For bulk materials, mBEEF and PBE+MBD-NL provide the lowest differences relative to experiment, of 2.55 and 2.78% in the MPAE respectively; when considering surface energies, the differences between computation and experiment are on average larger, and the DFs that performed well for bulk were worse performing: mBEEF (and PBE) generally underestimate the surface energies, while PBE+MBD-NL (plus revSCAN and PBE+TS) overestimate. As well as the absolute energies being a metric of accuracy, one can also consider the relative surface energies as representing accurately the energetic ordering of surfaces for a given element: considering the ratio of the (111)/(100) surface energies for Pd, and comparing to the experimental results of Chen et al.,59 PBE and mBEEF are noted as agreeing better with experiment, with all other DFs giving values closer to unity.

For electronic work functions, SCAN and TPSS give (similar) results with good agreement to experiment for the Pd(111) and (100) facets, with SCAN also performing well for the Cu(111) facet and TPSS best performing for the Cu(100) and Cu(110) facet.
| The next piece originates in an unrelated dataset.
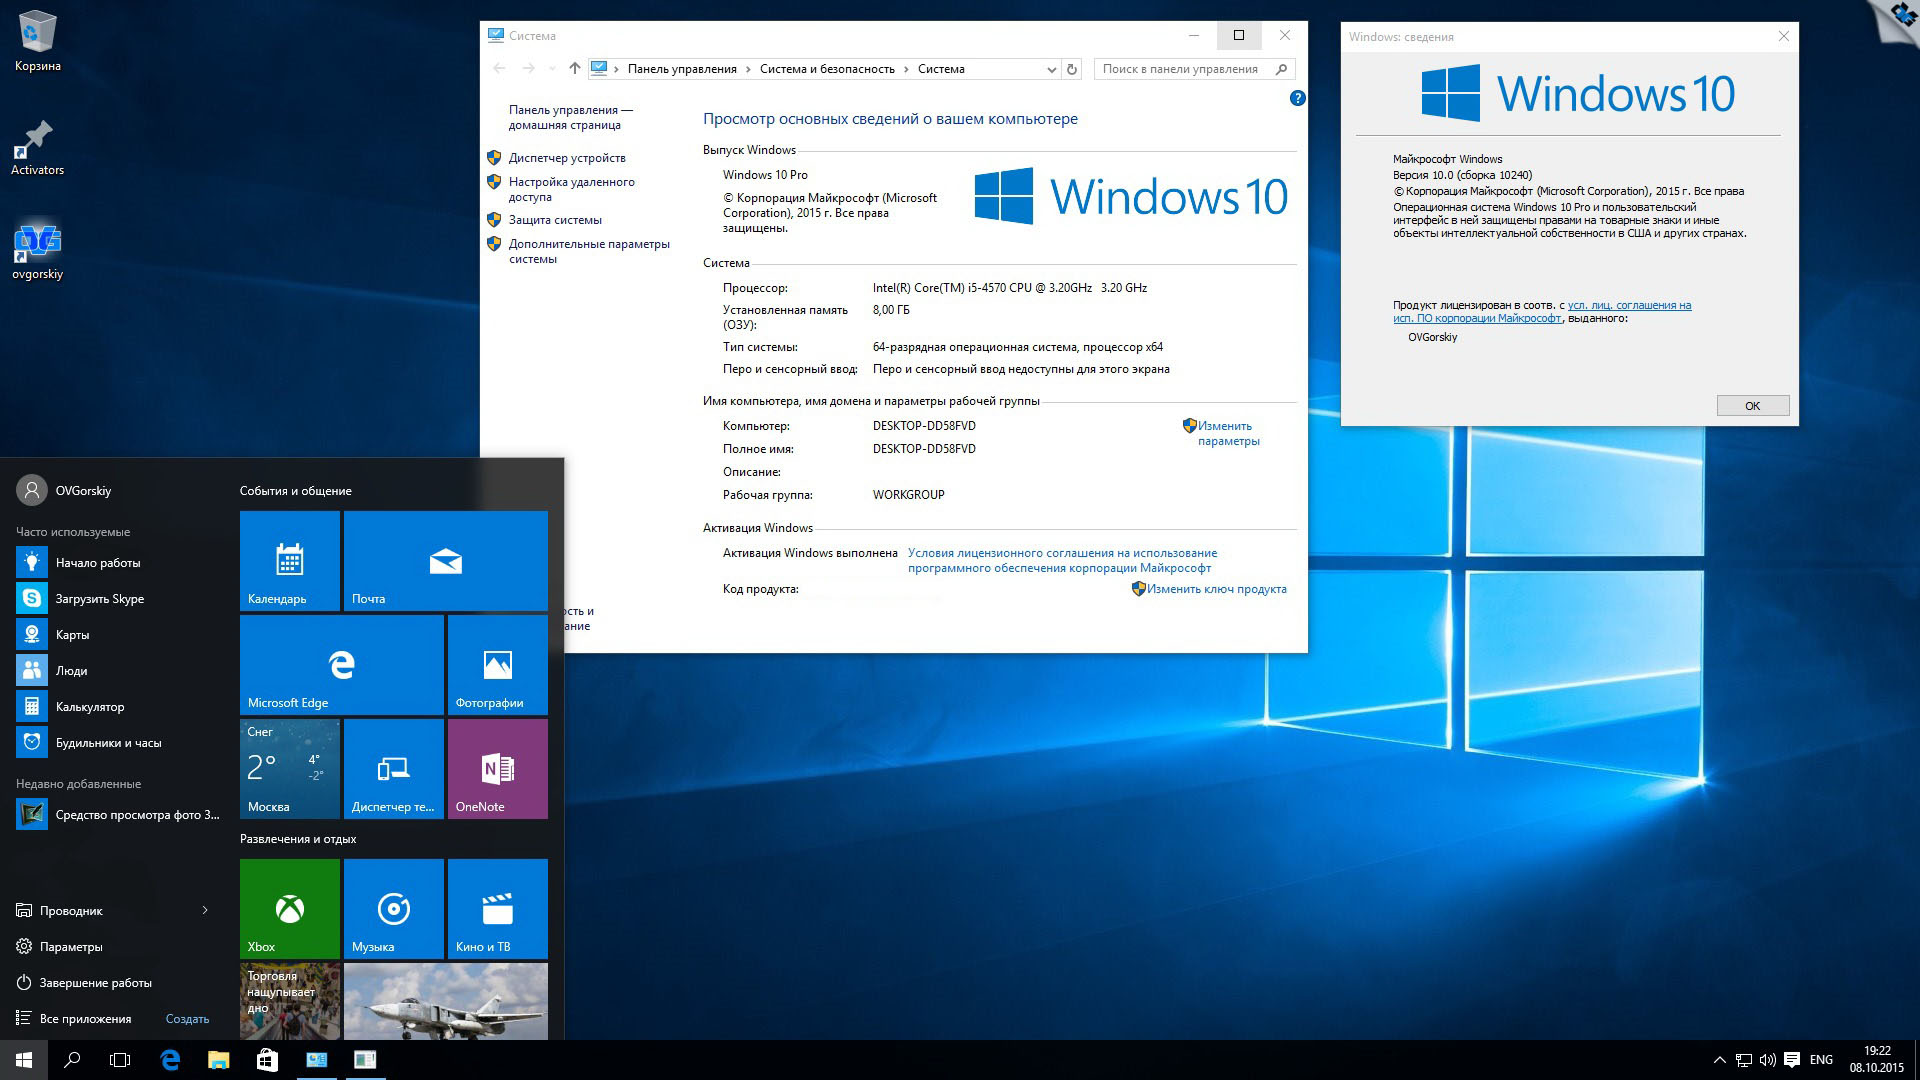 Windows 10 ltcs. Оперативная система виндовс 10. Первая версия виндовс 10. Microsoft Windows 10 Pro. Windows 10 2015 года.

For the other Pd facet, (110), mBEEF performs well, and similarly is closest to experiment for the Zn work function. When we average the deviations in calculated work functions from experiment, across all the density functionals, as shown in Fig. 3, we note that all DFs selected for surface calculations provide errors below 5% on average, which is in the same order of the average MPAE presented in Fig. 1. Overall, it is clear that mBEEF provides the lowest mean error for bulk and surface calculations, and therefore we highlight mBEEF as the most accurate options for general application to the different metals considered, and potentially for more complex systems such as alloys.

V Wulff construction

To conclude the current study and demonstrate the importance of DF choice when making assumptions of chemical reactivity for surfaces, we use surface energies obtained with the mBEEF DF to calculate optimal nanoparticle morphologies for systems with 5000 atoms (radius: 11 nm); morphologies obtained with PBE data are also shown for comparison. The relative stability of surface facets, and their intersection to form valid nanocrystal morphologies, is crucial for prediction of nanoparticle structures, with consequences in optical, medical and catalytic applications.70,71

In order to ensure accuracy for the Wulff construction process, additional high index (332), (322), (211) and (221) facets were cleaved from the crystal bulk for Pd and Cu, and the stabilities evaluated; for Zn, Tran et al.10 have shown that (0001) and (10−10) are significantly lower in energy than all other surfaces and so other high index facets were not considered here. Some high index surfaces offer comparable stability to the low index surface facets, and thus are observed in the outcomes of the Wulff construction. For Pd, the order of stability of all facets is (111) > (100) > (332) > (210) > (322); for Cu, a slight difference is noted with both the (111) and (100) facets more stable (i.e. lower in energy) than the (322) > (332) > (221) > (110) > (210) facets. The work functions were also calculated for the high index facets (ESI, Table S5), and in general are inversely related to the surface energy for these FCC metals, though not strictly: the Pd and Cu(221) facets give the smallest value of Φ, with the (110) and (210) facets providing the next smallest values.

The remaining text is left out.